One of the glaze/decoration combinations that Sam has used for over 26 years is shown in the photo above (we call the pattern on this mug "eyebrow"). Potters sometimes mistake this technique for an iron glaze called tenmoku. Actually, it is a combination of an iron slip under a translucent glaze. Leather hard pots are dipped into the slip (a mixture of iron oxide and liquid clay) and then decorated by combing, while it is still liquid or soft. This method of decoration is called slipware. The technique was first used in China (like most things in ceramic history) and can be seen on pots made earlier that the 10th century. Michael Cardew (with whom Sam apprenticed in 1977) made slipped earthenware pottery at Winchcombe, and later used the technique on stoneware at Wenford Bridge Pottery. Sam learned to decorate with this technique at Wenford Bridge and has been using it ever since.

It is interesting to note, in case anyone collects old English slipware, that those early jugs and pots were glazed with a raw lead glaze, and should not be used. All of our stoneware pottery is fired to 2300 degrees F. (1280 degrees C.) and lead is never used at these temperatures.


From our 2003 Spring Sale Invitation:


copper red bowl

Copper Red

The colour photo of the fluted bowl above has a glaze known as copper red or sang-de-boeuf. This glaze is another famous Chinese invention and is one that, until recently, I hadn't really liked. It can be too showy, so bright that it looks like paint. Although copper is a potent colouring oxide (there is only 1/4 percent in our red), the colour can be difficult to achieve, tempermental and fugitive. The atmosphere in the kiln, the speed of cooling, and the thickness of the glaze are all factors affecting it. When this glaze is imperfectly fired, you can find the full range of colour, from the pale green of the base glaze to red or plum. I find this contrast, although considered a defect by some, much more attractive.

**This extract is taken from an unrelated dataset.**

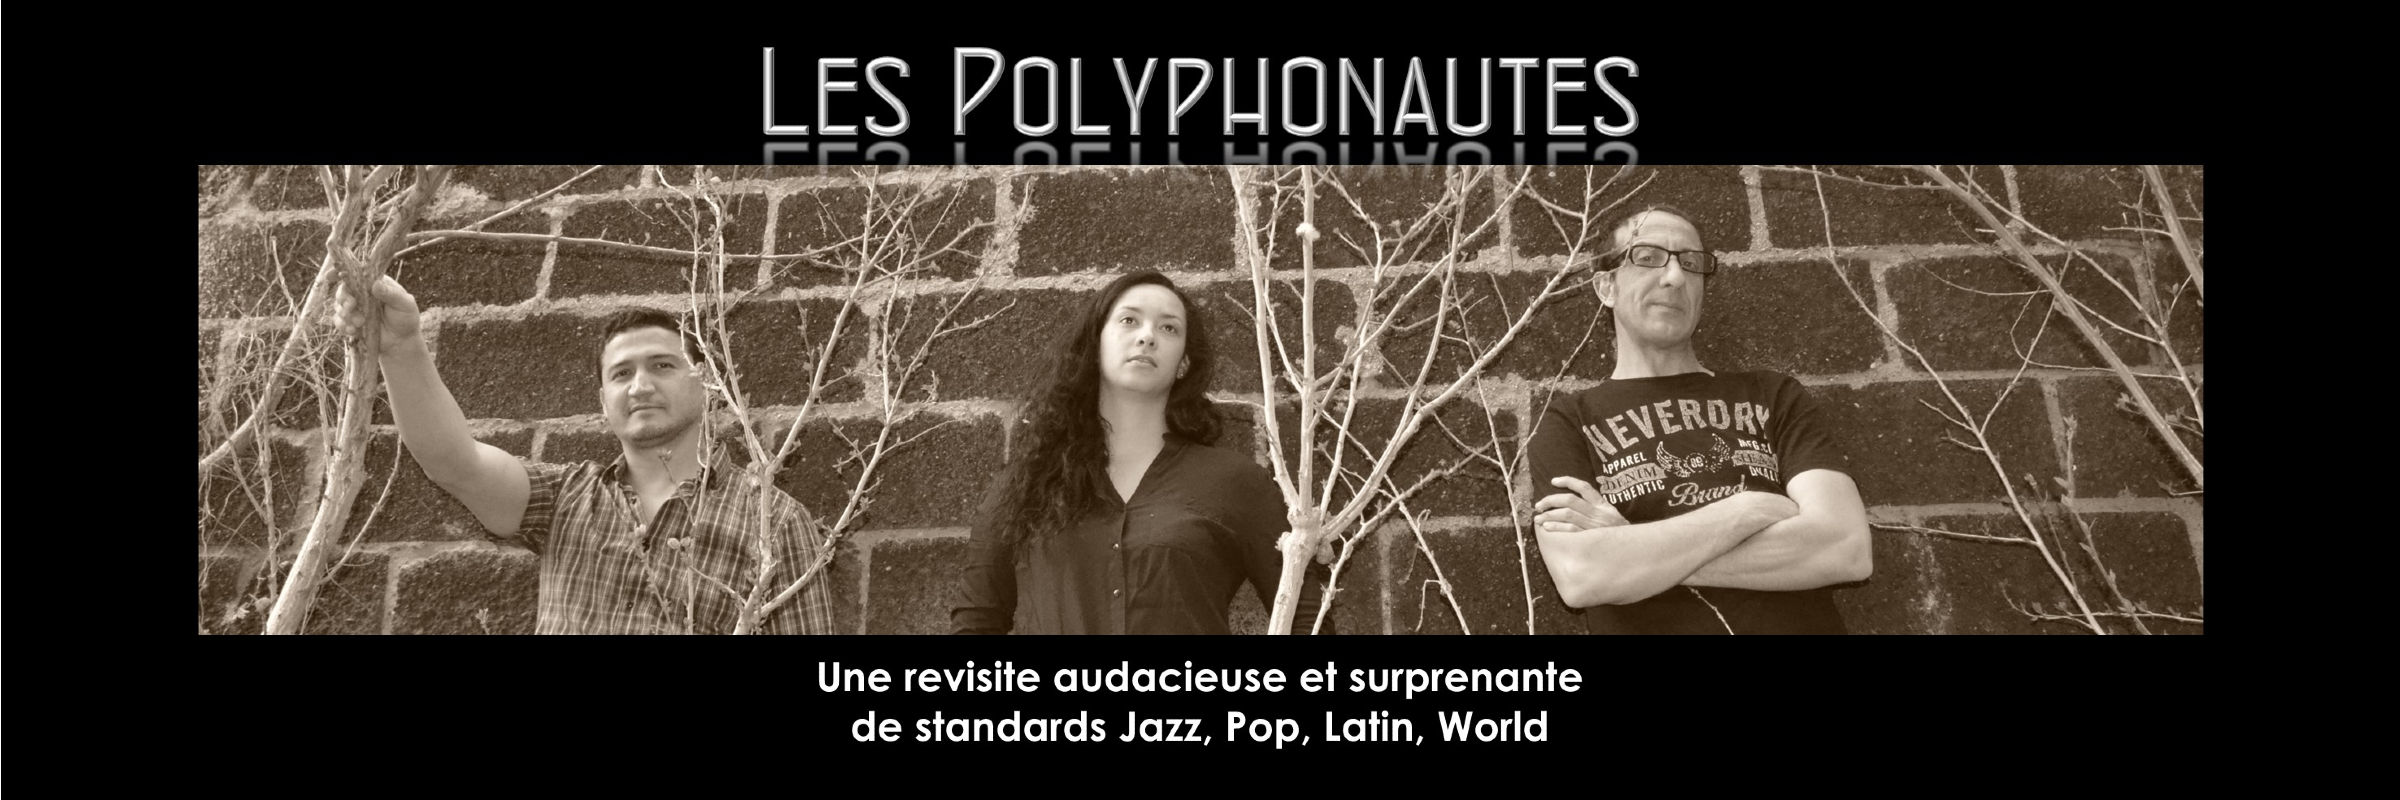 Les Polyphonautes, musicien Soul en représentation à Seine Saint Denis - photo de couverture

From our 2002 Christmas Sale Invitation:


celadon bowl

Celadon

The bowl in the photo above has a green glaze known as celadon. Celadon glazes, which range in colour from pale blue-green to dark olive green, are probably the oldest feldspathic glazes. The green colour comes from iron oxide suspended in the glaze melt. In early glazes this probably came from the stone or ash that was used to make the glaze. One of our celadons, made from the same granite tha we used for part of our stairs, developed a very nice pale green without any additional iron. According to Hetherington in Chinese Ceramic Glazes, the word celadon "derived from Saladin, Sultan of Egypt, who sent forty pieces of the ware to Nur-ed-din, Sultan of Damascus in 1171. Another derivation is from the shepherd Celadon, a character in a seventeenth-century romance called L'Astree, written by Honore d'Urfe. The shepherd was garbed in a grey-green coat of a distinctive tone"

Although today the celadon is not our most popular glaze, it has always been a favourite among potters, and at least one special friend.